## To do
Starting with the line with "11 Podotherapie/Podologie/Podoposturale therapie" in the entries below and going on through the line with "VR Payment startet", output every line exactly and nothing more. No pictures.

## Data supplied

▼

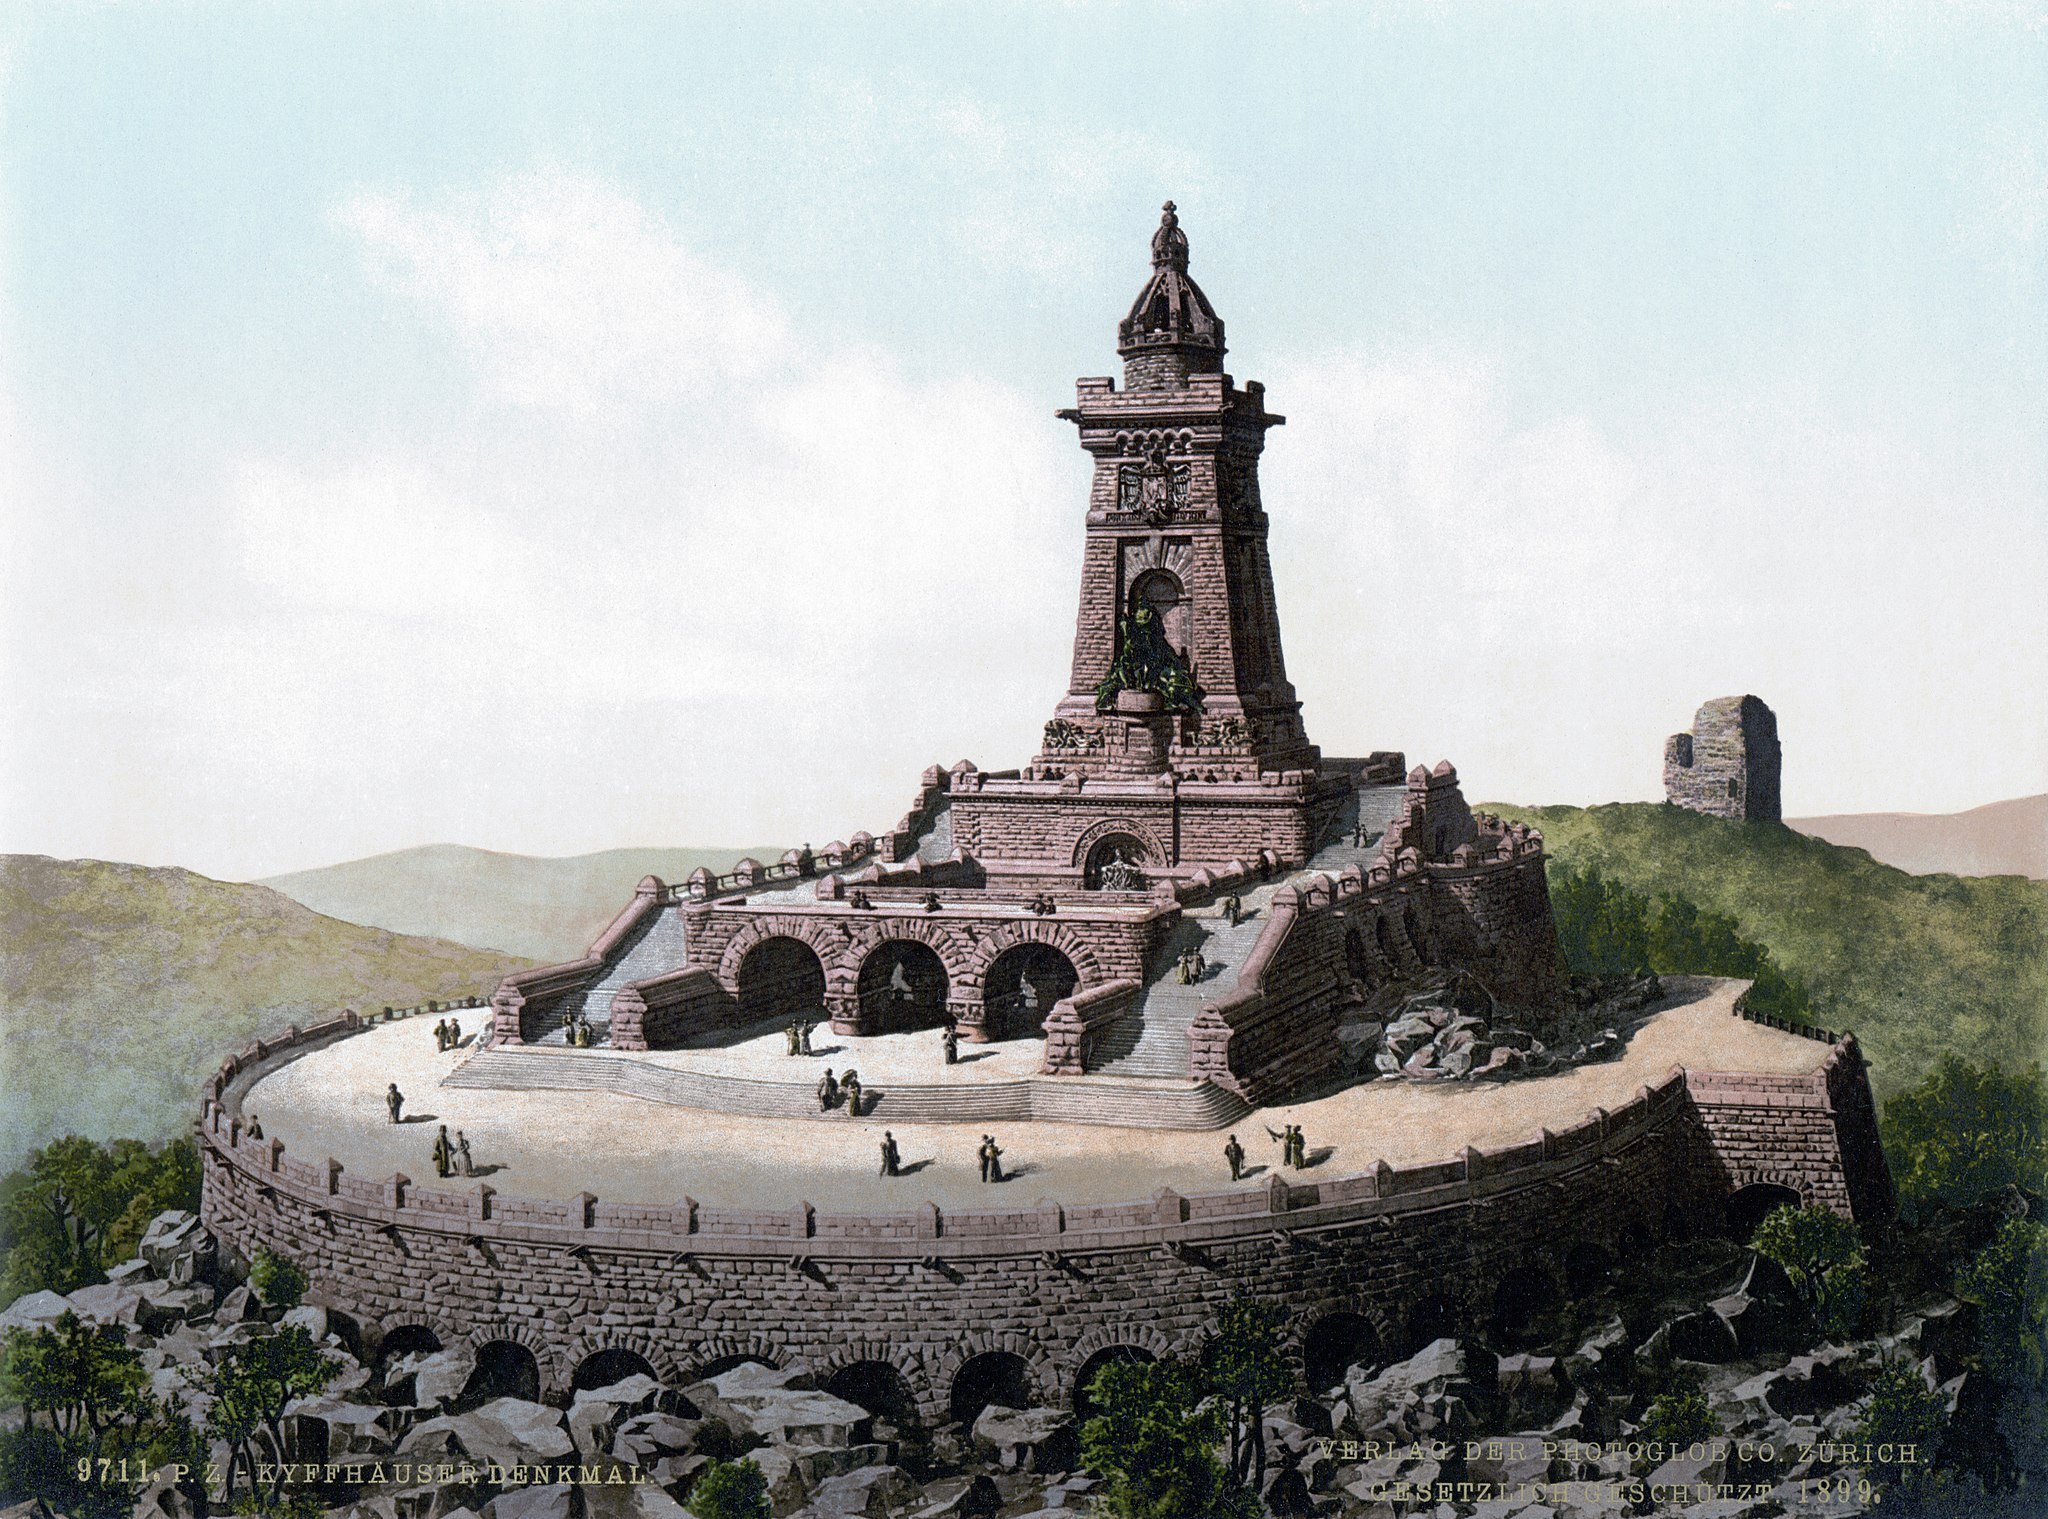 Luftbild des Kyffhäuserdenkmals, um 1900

▲
▼

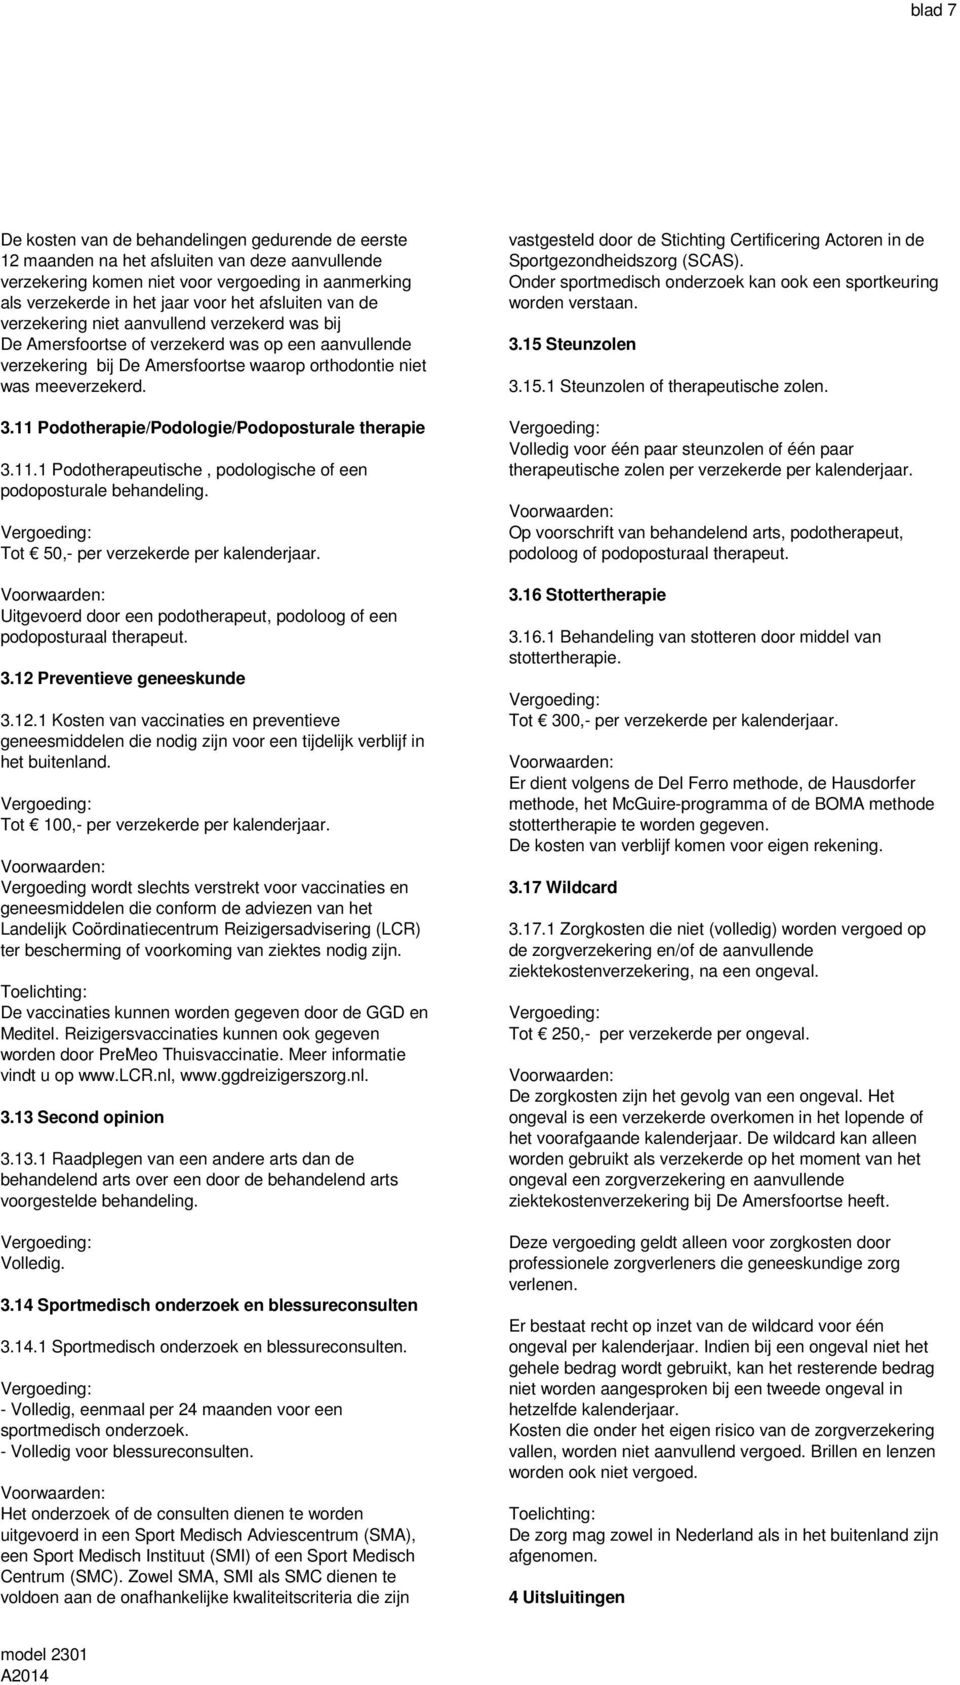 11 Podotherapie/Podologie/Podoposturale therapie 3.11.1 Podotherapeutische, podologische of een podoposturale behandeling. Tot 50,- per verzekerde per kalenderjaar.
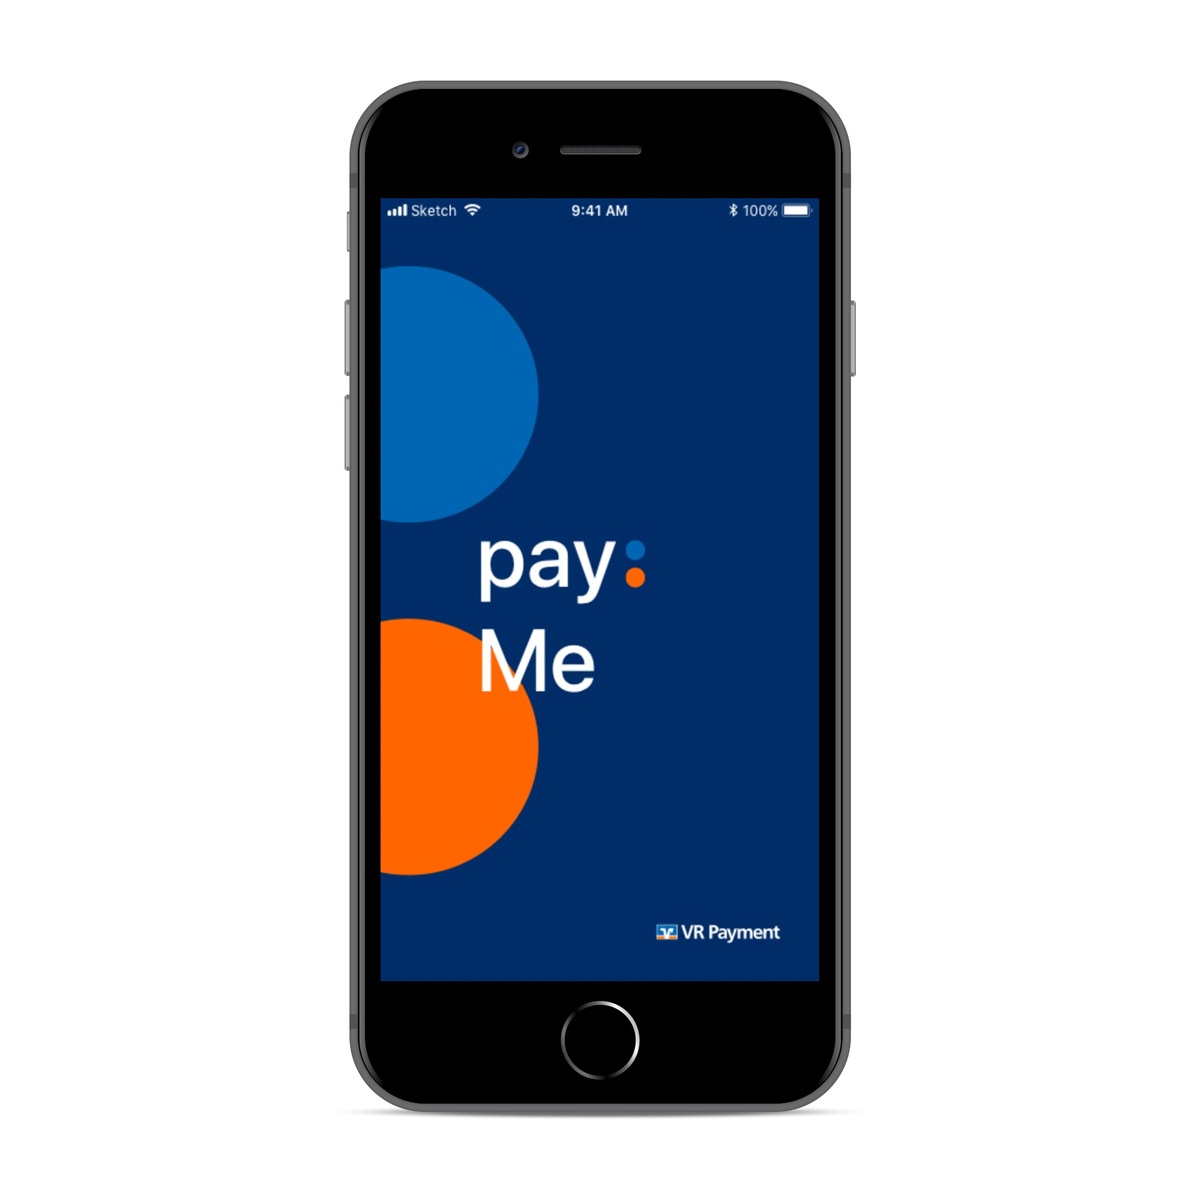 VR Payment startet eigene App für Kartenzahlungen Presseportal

▲

## Result of the task
 11 Podotherapie/Podologie/Podoposturale therapie 3.11.1 Podotherapeutische, podologische of een podoposturale behandeling. Tot 50,- per verzekerde per kalenderjaar.
 VR Payment startet eigene App für Kartenzahlungen Presseportal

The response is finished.